Seafood, not sauerkraut

The festival's ties to the port city's identity are based on the century-old brew Tsingtao - the Germanization of the city now known again as Qingdao. "It's like Oktoberfest, but with great seafood instead of schweinbraten and sauerkraut," says Allie, a perky Chinese undergraduate who is working as our tour guide at the Tsingtao beer plant and museum.

Her accent is spot-on British, borderline posh; the background music is not cheesy oom-pah-pah but Beethoven's Moonlight Sonata.

The brewery tour is a must-do for festivalgoers - there's a tasting room at the end and some cool history on the way. Drunk or sober, you can get your picture taken and then printed on the label of a souvenir beer bottle.

Allie breezes through German folk sayings about beer, chats about the German who made the brewery's first beer and the Dane who made its first yeast - which is propagated over and over so that the great-great-great grandchildren of those yeast spores go to work to make Tsingtao today.

"Taste this!" she says, sprinkling a small heap of cereal into the open hands of her charges. "That's the malt - it's Australian."

"That stuff that looks burnt," she says, pointing to a tub of malt that's much darker, "is roasted longer to make dark beer." She scoops out more samples. "It tastes rather like coffee," she says, adding that during periods of war those roasted cereals were in fact used to make a coffee substitute in Europe.

German origins Tsingtao was launched in 1903, when the Germans occupied the city with 6,000 troops after two missionaries were killed. The incomers "rented" the city, signing a 99-year lease, though they would abandon it in 1916 as World War I - and a Japanese invasion - began. During their time, the Germans made two kinds of beer: Pilsner Light and Munich Dark, producing a total of 2 metric tons.

"Today the brewery makes 3.8 million tons for international markets as well as domestic ones," Allie says, noting that the malt is from Australia, the water is from local Laoshan springs and the hops come from China's western Gansu province and the Xinjiang Uygur autonomous region. Besides the malt, Tsingtao's various brand labels are also brewed with rice - 35 percent - to cater to Asian tastes.

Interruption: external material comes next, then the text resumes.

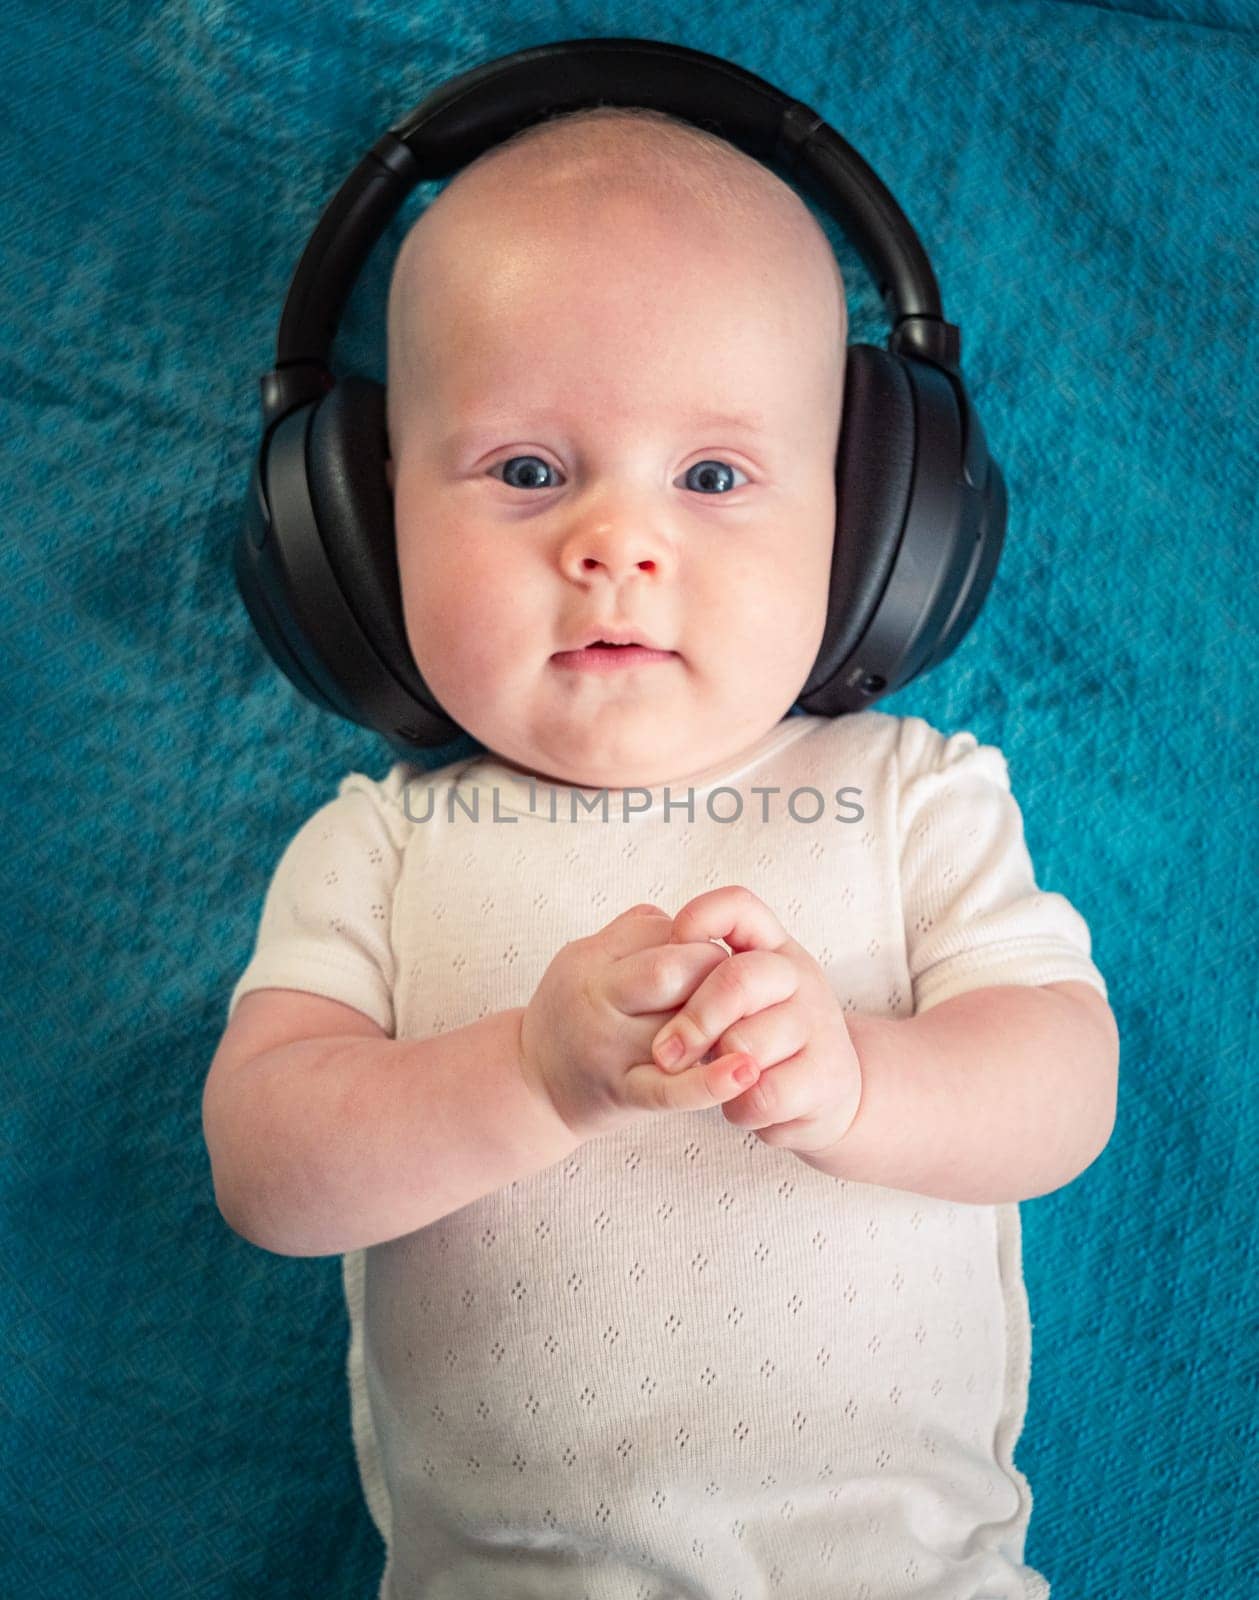 Little boy on blue blanket background with black wireless headphones by Busker

Four million people went through the beer festival venues last year, when the venues were extended to several parts of the city for the first time. Those revelers - 95 percent of them Chinese, most of them men and most under the age of 45 - consumed 1,100 tons of beer over 16 days.

Those figures represent year-on-year growth of 11.9 percent, a figure that is consistent for the life of the festival, director Lin says, and he expects this year's event, which ends on Aug 31, to hit the same target. There are beers and souvenirs for every taste, from brass bottle openers with big-breasted beer goddesses to elegant commemorative envelopes and stamps marking the brewery's centennial.

"You can tell who the tourists are - they are the ones drinking out of a bottle," says Zhou Bingbin, 30, who is sipping a foaming tankard at a sidewalk cafe.

"That tastes like rubbish, of course - but bottled beer has to be heated to kill the live yeast, so the product has a shelf life of a whole year."

Zhou isn't looking for a "product" that will hang around that long, so he relishes the fresh stuff, served up in big mugs at local taverns and in easy-to-tote plastic bags for those heading to the beach.

"The great thing about Qingdao is that the whole city is consumed by beer," he says. "You can enjoy the beer culture in the peace and quiet of your favorite tavern, every day of the year."